Use it whenever the default function-level cache identity is too coarse.

### `managed`

- `False`: return the value directly
- `True`: return a `SharedObjectHandle` on the client side

Use `managed=True` for long-lived models or tensors that need deterministic release.

### `concurrency`

- `"parallel"`: allow multiple executions at once
- `"serialized"`: only one execution of that endpoint runs at a time

Use `serialized` for heavy model loads, stateful operations, or anything that should not overlap.

### `singleflight`

- `True`: same in-flight cache key shares one execution
- `False`: concurrent identical requests execute independently

This matters most when `cache=True` and model construction is expensive.

## Port Routing

This repo is same-host and same-GPU only, so the effective port is derived from the CUDA device index.

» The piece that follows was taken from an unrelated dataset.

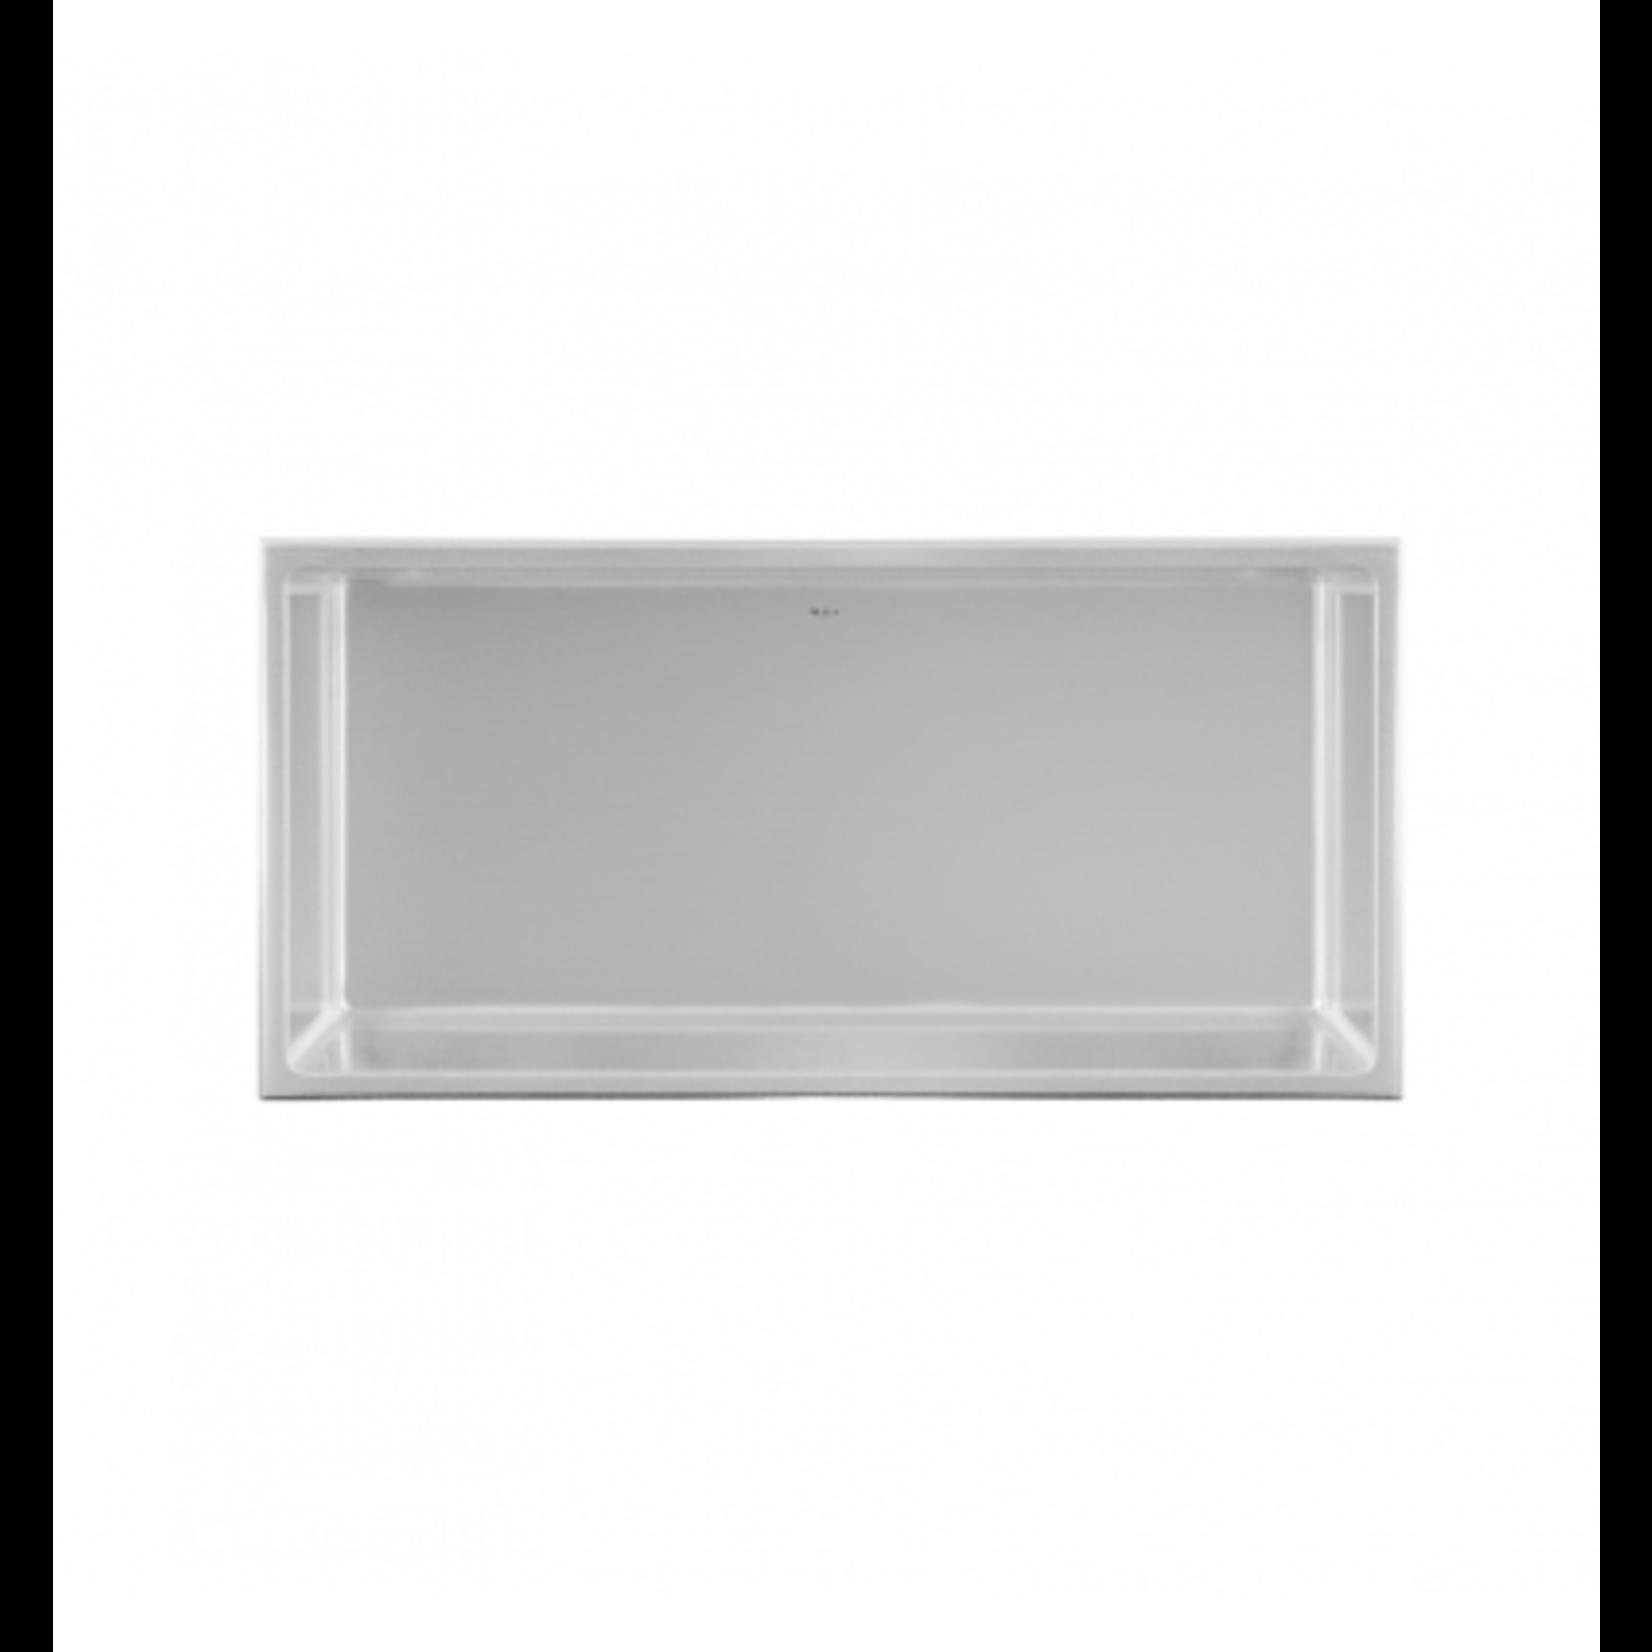 Wall niche 12x24 Stainless steel Nautika NI1224

- `base_port` is the base port
- runtime port is `base_port + device_index`
- `SHARED_TENSOR_BASE_PORT` overrides the base port from the environment
- `device_index=None` means probe lazily when the client/server is actually created
- you can force a specific device with `SharedTensorProvider(device_index=3)`

Example:

```python
provider = SharedTensorProvider(base_port=2537, device_index=1)
```

This binds or connects to port `2538`.

## Cache Behavior

Caching is on by default.

- default `cache_format_key` is the function `__qualname__`
- that means repeated calls to the same shared function reuse the first result unless you override the key
- set `cache=False` for endpoints that should never reuse results
- set `cache_format_key="{arg_name}"` or similar to build cache keys from bound function arguments
- `singleflight=True` deduplicates concurrent in-flight work for the same cache key

Example:

```python
@provider.share(execution="task", cache_format_key="{hidden_size}")
def load_model(hidden_size: int = 4) -> torch.nn.Module:
    return torch.nn.Linear(hidden_size, 2, device="cuda")
```

## Managed Object Release

For long-lived shared CUDA objects, use `managed=True`. Client-side calls return a `SharedObjectHandle` with `.value`, `.object_id`, and `.release()`.

```python
with load_model(hidden_size=8) as handle:
    model = handle.value
    y = model(torch.ones(1, 8, device="cuda"))
```

Rules:

- `managed=True` only changes remote/client results; server-mode direct calls still return the local object itself
- managed endpoints still use cache by default
- when cache hits, repeated calls reuse the same remote object id and increment its server-side refcount
- call `handle.release()` when you want deterministic teardown
- `client.release_many([...])` and `client.get_object_info(object_id)` are available for batch release and inspection

## Manual Mode

Manual mode is programmatic only.

```python
from shared_tensor import SharedTensorProvider, SharedTensorServer
from shared_tensor.utils import resolve_runtime_port

provider = SharedTensorProvider(execution_mode="server", base_port=2537)
server = SharedTensorServer(
    provider,
    port=resolve_runtime_port(provider.base_port, provider.device_index),
)
server.start(blocking=True)
```

## Test Matrix

Default local run:

```bash
python -m pytest -m "not gpu"
```

CUDA run:

```bash
python -m pytest -m gpu
```

`skipped` means the test was intentionally not run because its precondition was missing. In this repo that usually means a `gpu` test was executed on a machine where `torch.cuda.is_available()` was false. It is not a failure.

## Operational Notes

- This library assumes a trusted same-host environment.
- The server process must be a separate process from the client when using CUDA IPC.
- If you need cross-machine transport or CPU object RPC, use a different tool.

## Repo Notes

- `CLAUDE.md` captures repo maintenance rules.
- `examples/zero_branch_env.py` shows the main production-oriented example.
- `examples/model_service.py` shows explicit model handoff.